I have a neural network with N input nodes and N output nodes, and possibly multiple hidden layers and recurrences in it but let's forget about those first. The goal of the neural network is to learn an N-dimensional variable Y*, given N-dimensional value X. Let's say the output of the neural network is Y, which should be close to Y* after learning. My question is: is it possible to get the inverse of the neural network for the output Y*? That is, how do I get the value X* that would yield Y* when put in the neural network? (or something close to it)

A major part of the problem is that N is very large, typically in the order of 10000 or 100000, but if anyone knows how to solve this for small networks with no recurrences or hidden layers that might already be helpful. Thank you.

5

5 Answers

3
votes

If you can choose the neural network such that the number of nodes in each layer is the same, and the weight matrix is non-singular, and the transfer function is invertible (e.g. leaky relu), then the function will be invertible.

This kind of neural network is simply a composition of matrix multiplication, addition of bias and transfer function. To invert, you'll just need to apply the inverse of each operation in the reverse order.

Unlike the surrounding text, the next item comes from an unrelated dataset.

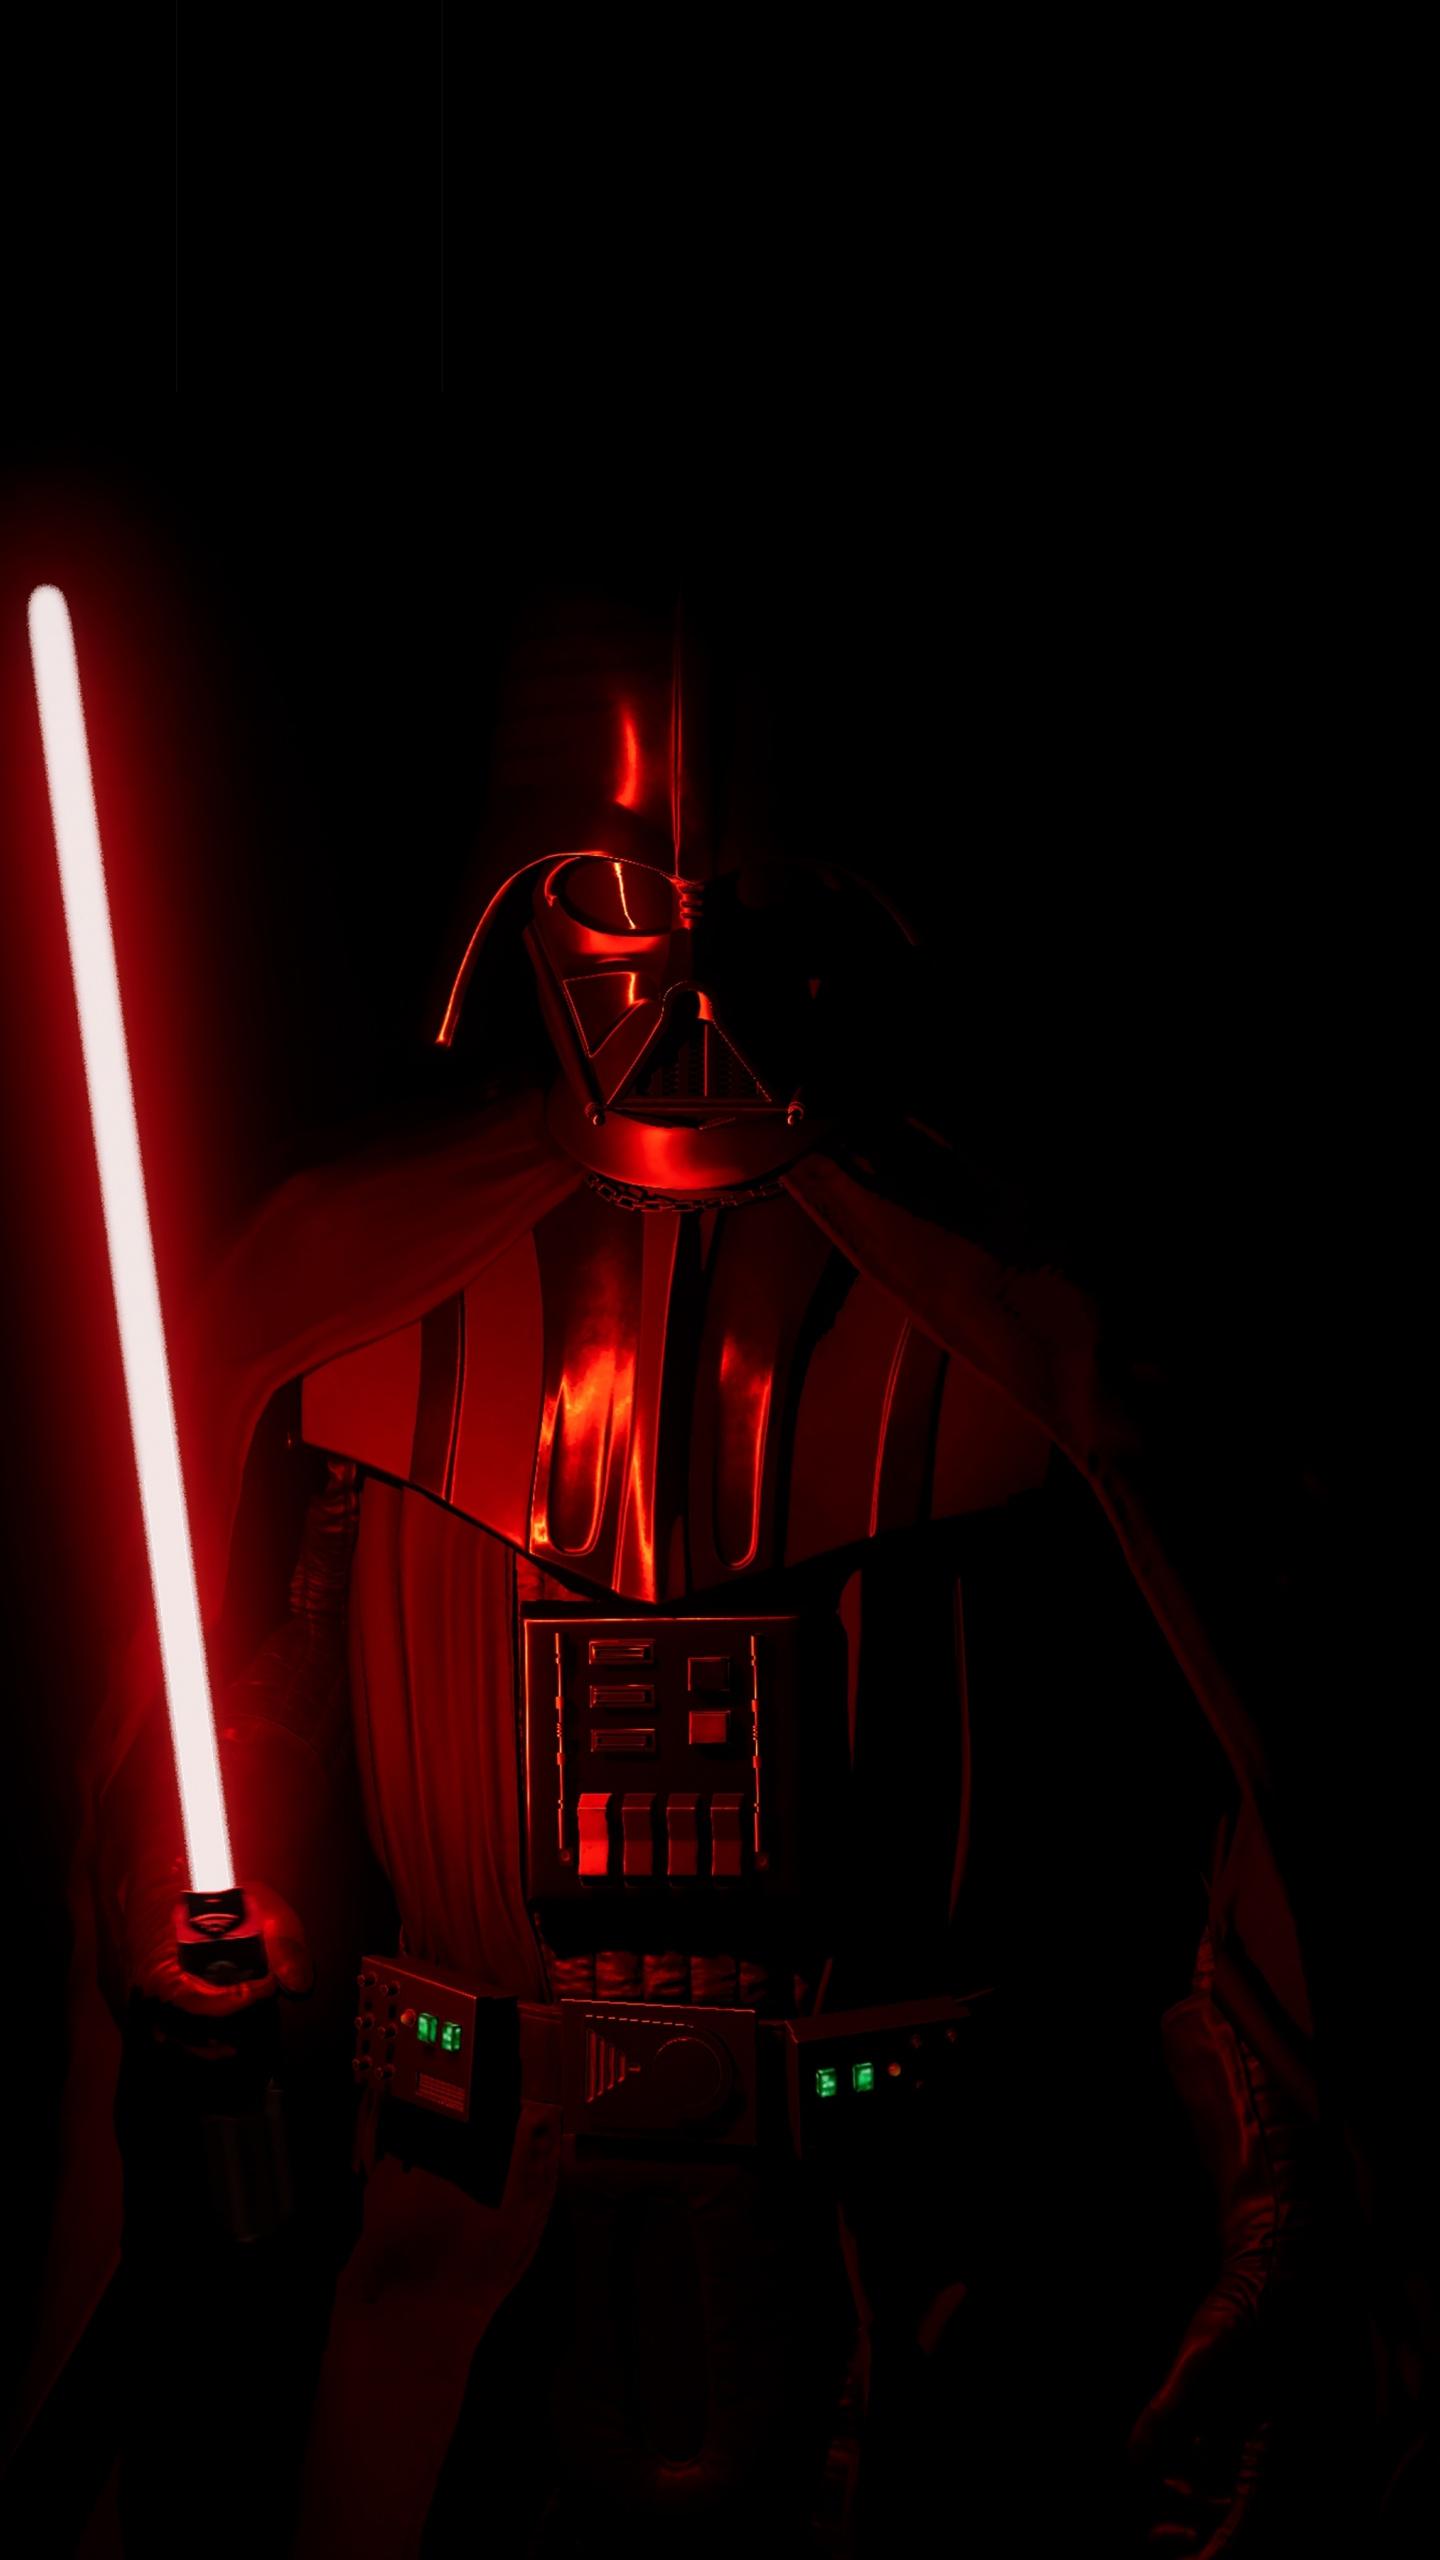 Darth Vader Villain Dark 2019 Wallpaper Darth Vader Wallpaper Iphone 1440x2560 Wallpaper Teahub Io

I.e. take the output, apply the inverse transfer function, multiply it by the inverse of the last weight matrix, minus the bias, apply the inverse transfer function, multiply it by the inverse of the second to last weight matrix, and so on and so forth.

2
votes

This is a task that maybe can be solved with autoencoders. You also might be interested in generative models like Restricted Boltzmann Machines (RBMs) that can be stacked to form Deep Belief Networks (DBNs). RBMs build an internal model h of the data v that can be used to reconstruct v. In DBNs, h of the first layer will be v of the second layer and so on.

1
votes

zenna is right. If you are using bijective (invertible) activation functions you can invert layer by layer, subtract the bias and take the pseudoinverse (if you have the same number of neurons per every layer this is also the exact inverse, under some mild regularity conditions). To repeat the conditions: dim(X)==dim(Y)==dim(layer_i), det(Wi) not = 0

An example: Y = tanh( W2*tanh( W1*X + b1 ) + b2 ) X = W1p*( tanh^-1( W2p*(tanh^-1(Y) - b2) ) -b1 ), where W2p and W1p represent the pseudoinverse matrices of W2 and W1 respectively.

1
votes

The following paper is a case study in inverting a function learned from Neural Networks. It is a case study from the industry and looks a good beginning for understanding how to go about setting up the problem.

1
votes

An alternate way of approaching the task of getting the desired x that yields desired y would be start with random x (or input as seed), then through gradient decent (similar algorithm to back propagation, difference being that instead of finding derivatives of weights and biases, you find derivatives of x. Also, mini batching is not needed.) repeatedly adjust x until it yields a y that is close to the desired y. This approach has an advantage that it allows an input of a seed (starting x, if not randomly selected). Also, I have a hypothesis that the final x will have some similarity to initial x(seed), which would imply that this algorithm has the ability to transpose, depending on the context of the neural network application.